## Work order
Transcribe only the part of the material below that begins at the line containing "马塞洛跟妻子参加活动。" and ends at the line containing "Bệnh viện Đa", with both kept and images left out.

## Material for this task
# # # #
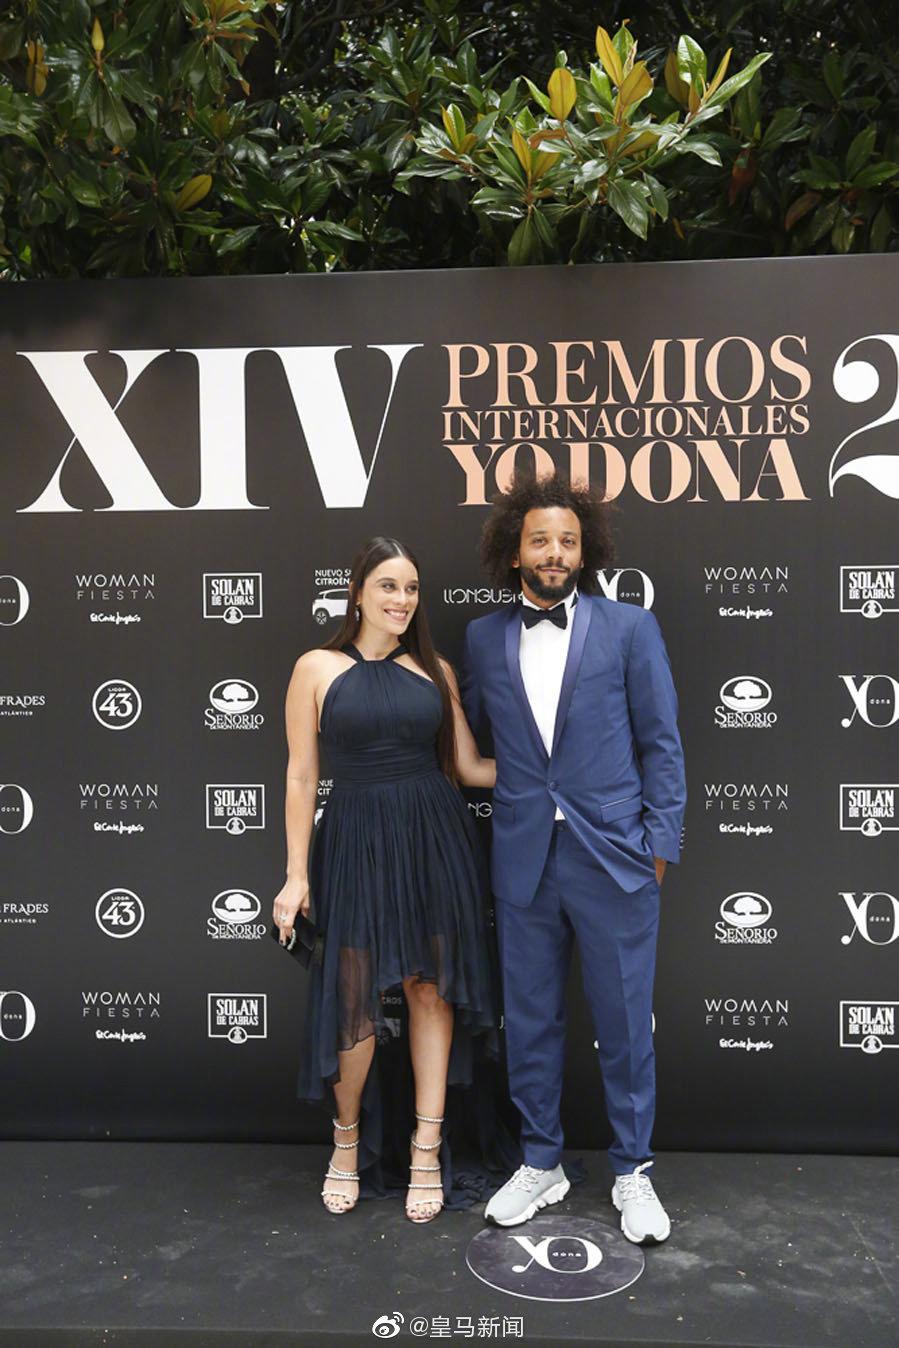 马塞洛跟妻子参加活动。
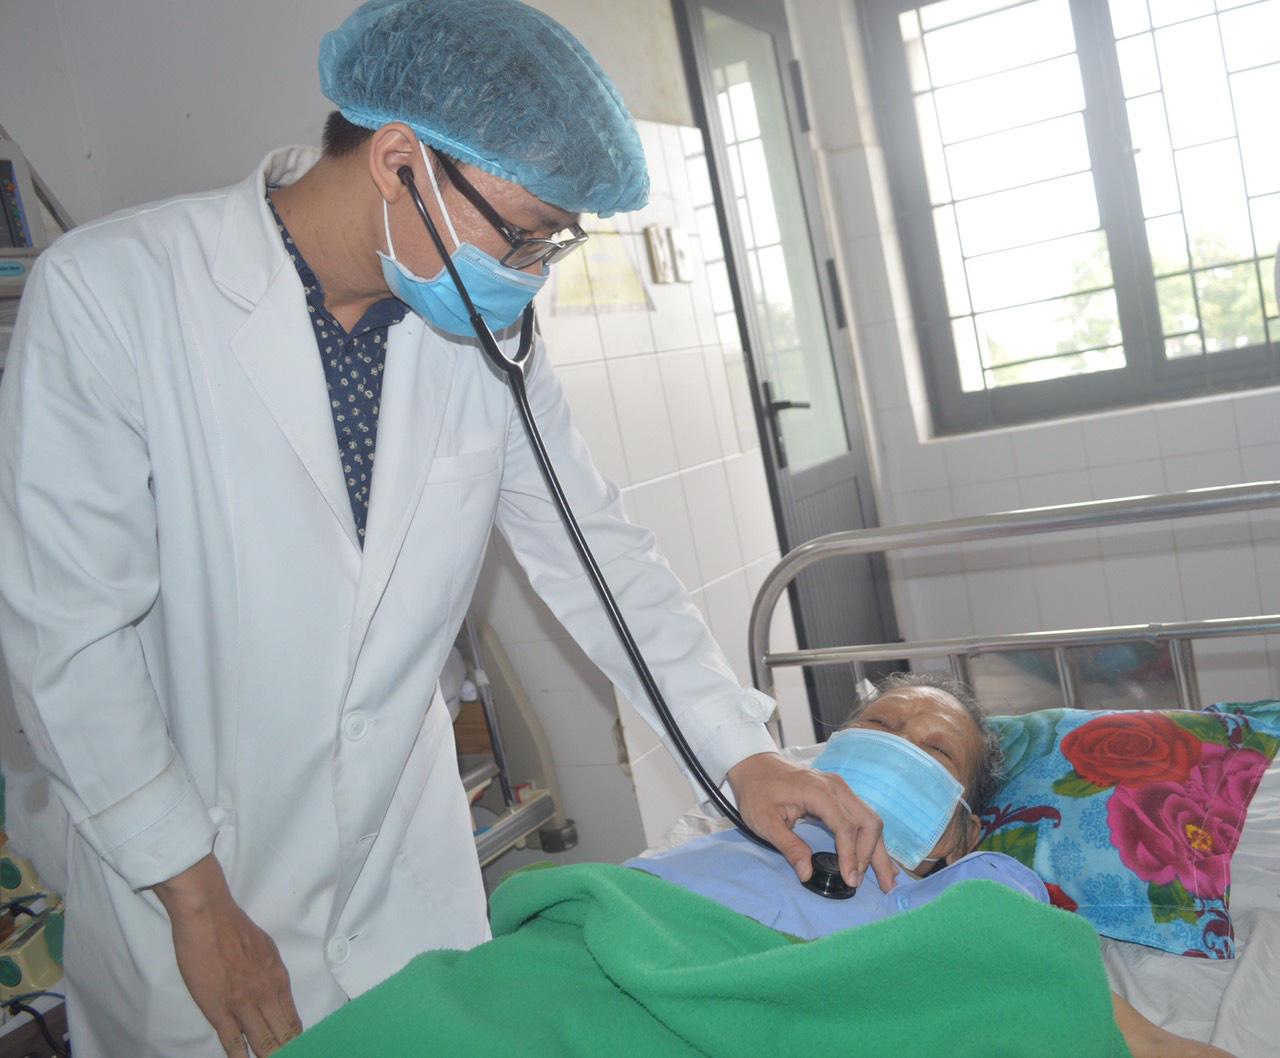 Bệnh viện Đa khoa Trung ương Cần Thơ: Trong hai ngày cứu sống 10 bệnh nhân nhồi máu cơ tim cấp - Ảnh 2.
# # # #
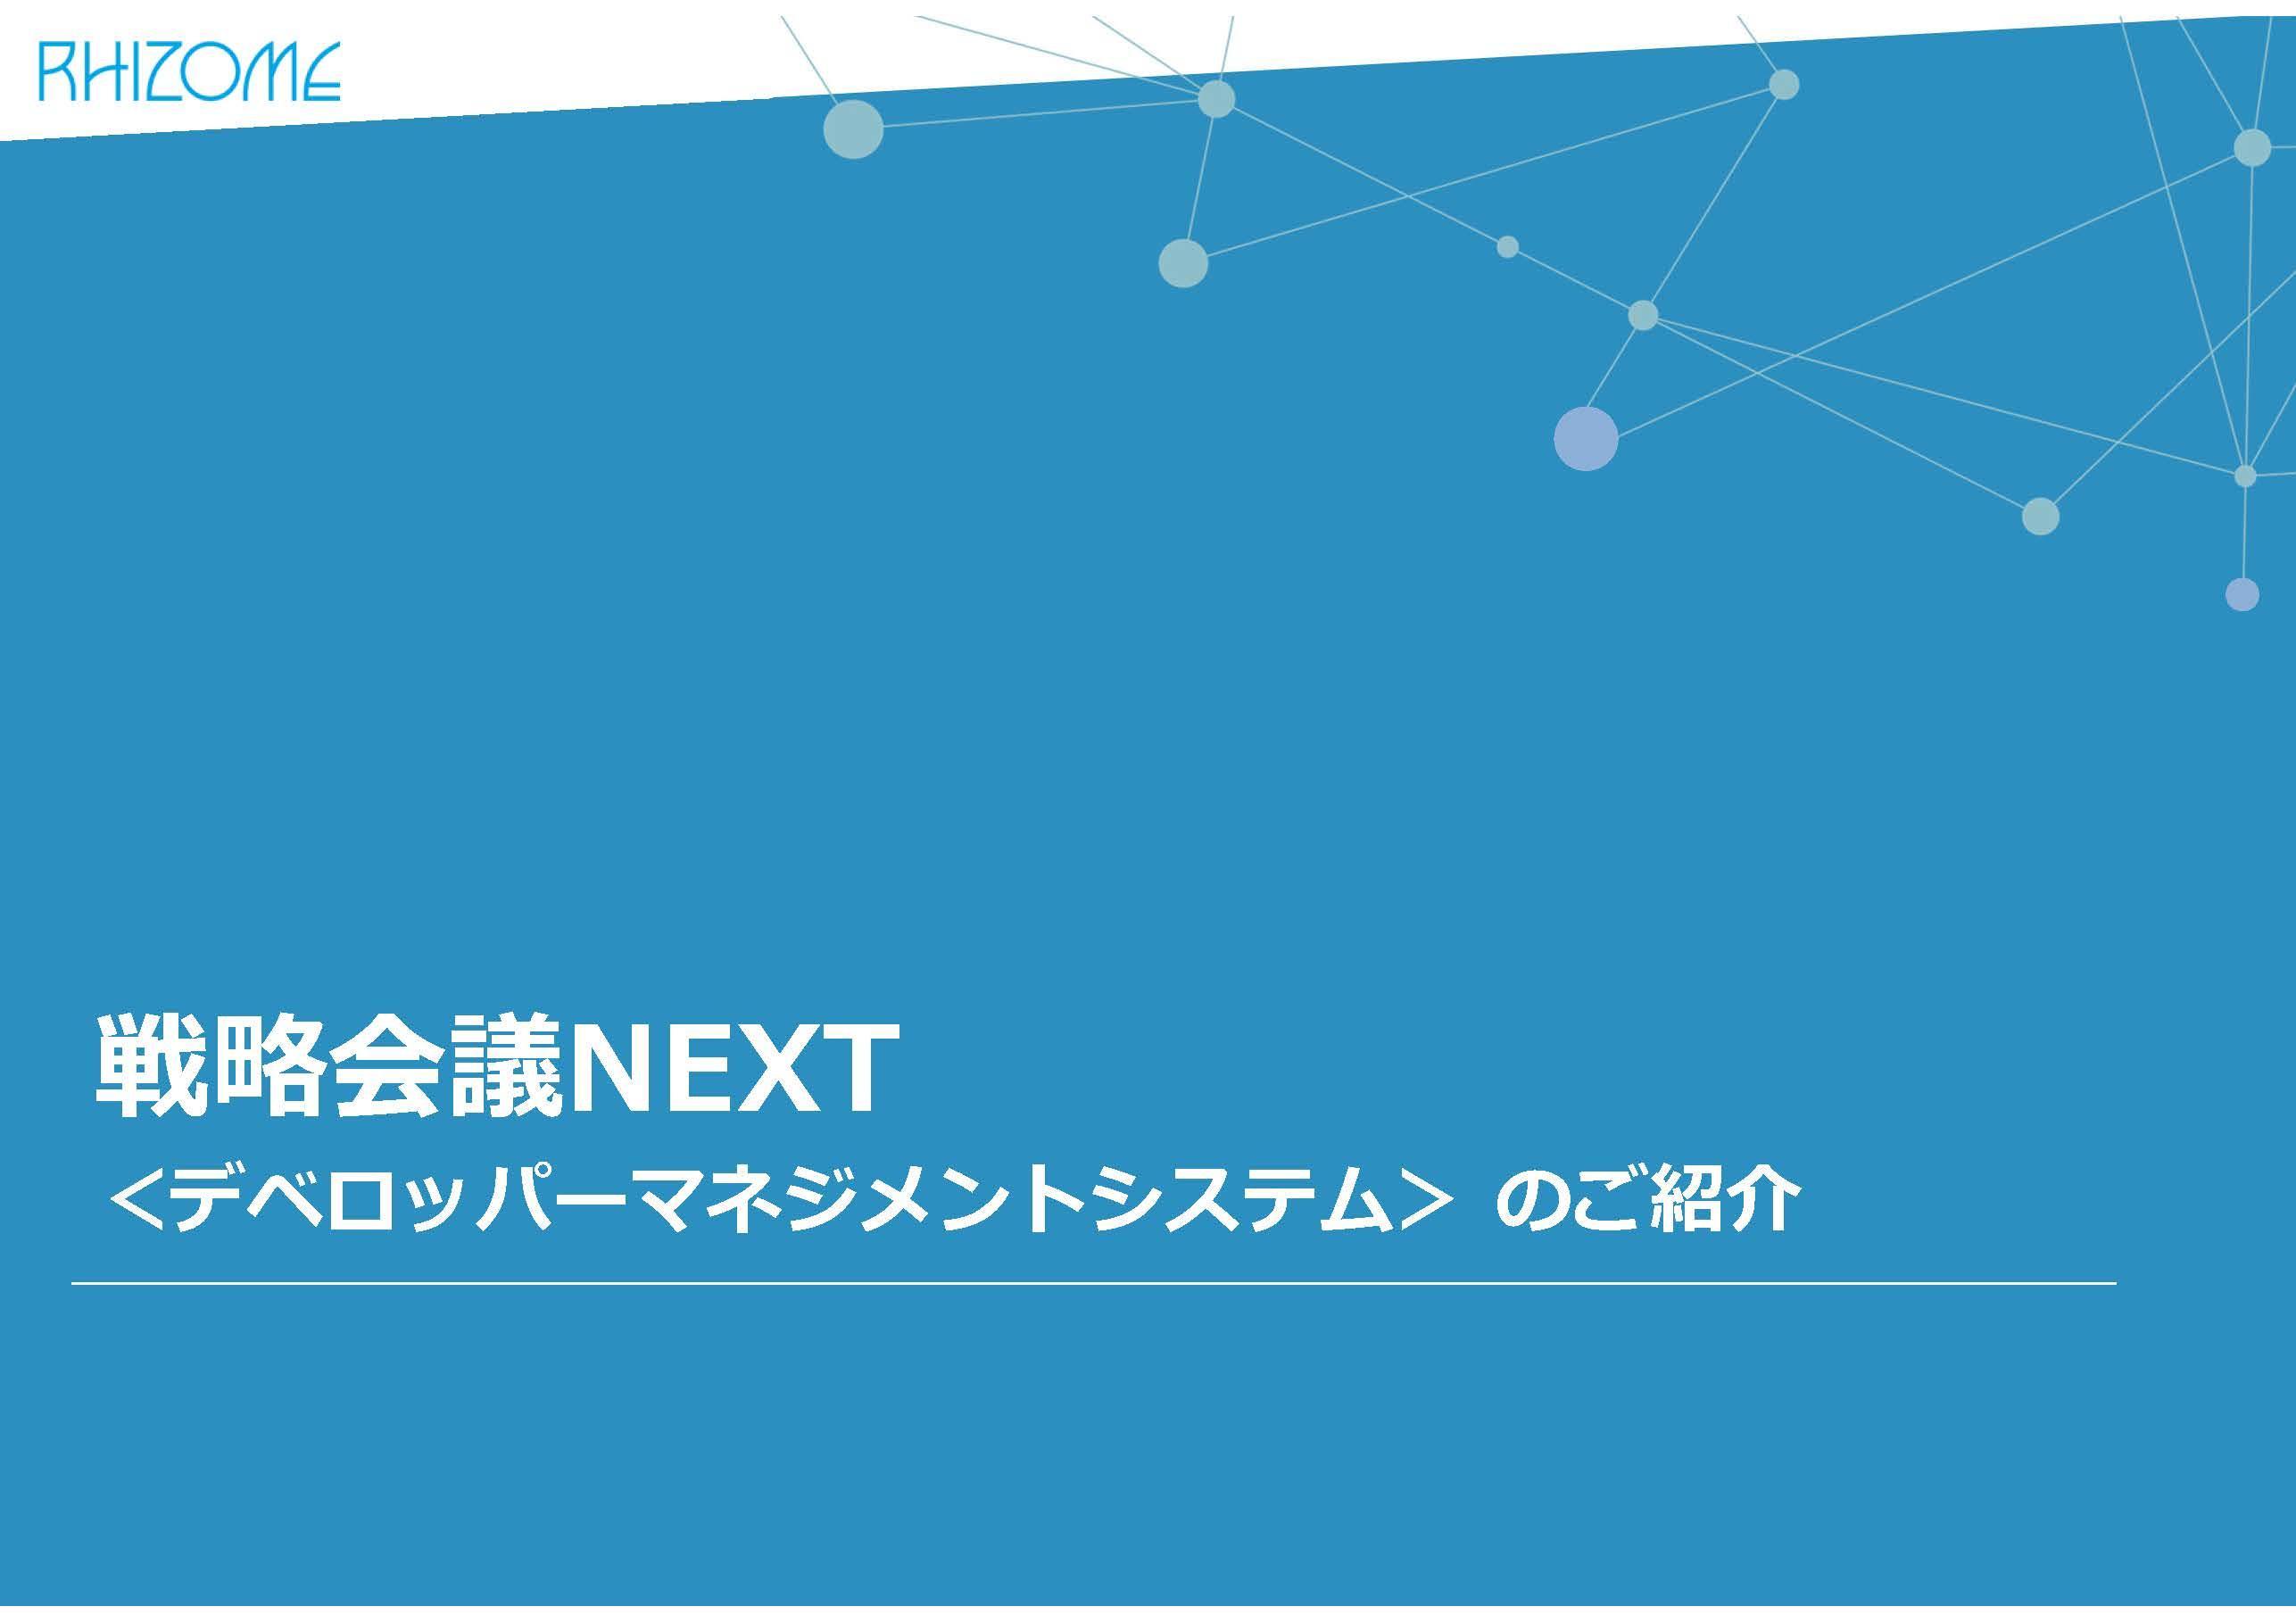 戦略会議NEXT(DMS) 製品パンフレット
# # # #
## Written solution
 马塞洛跟妻子参加活动。
 Bệnh viện Đa khoa Trung ương Cần Thơ: Trong hai ngày cứu sống 10 bệnh nhân nhồi máu cơ tim cấp - Ảnh 2.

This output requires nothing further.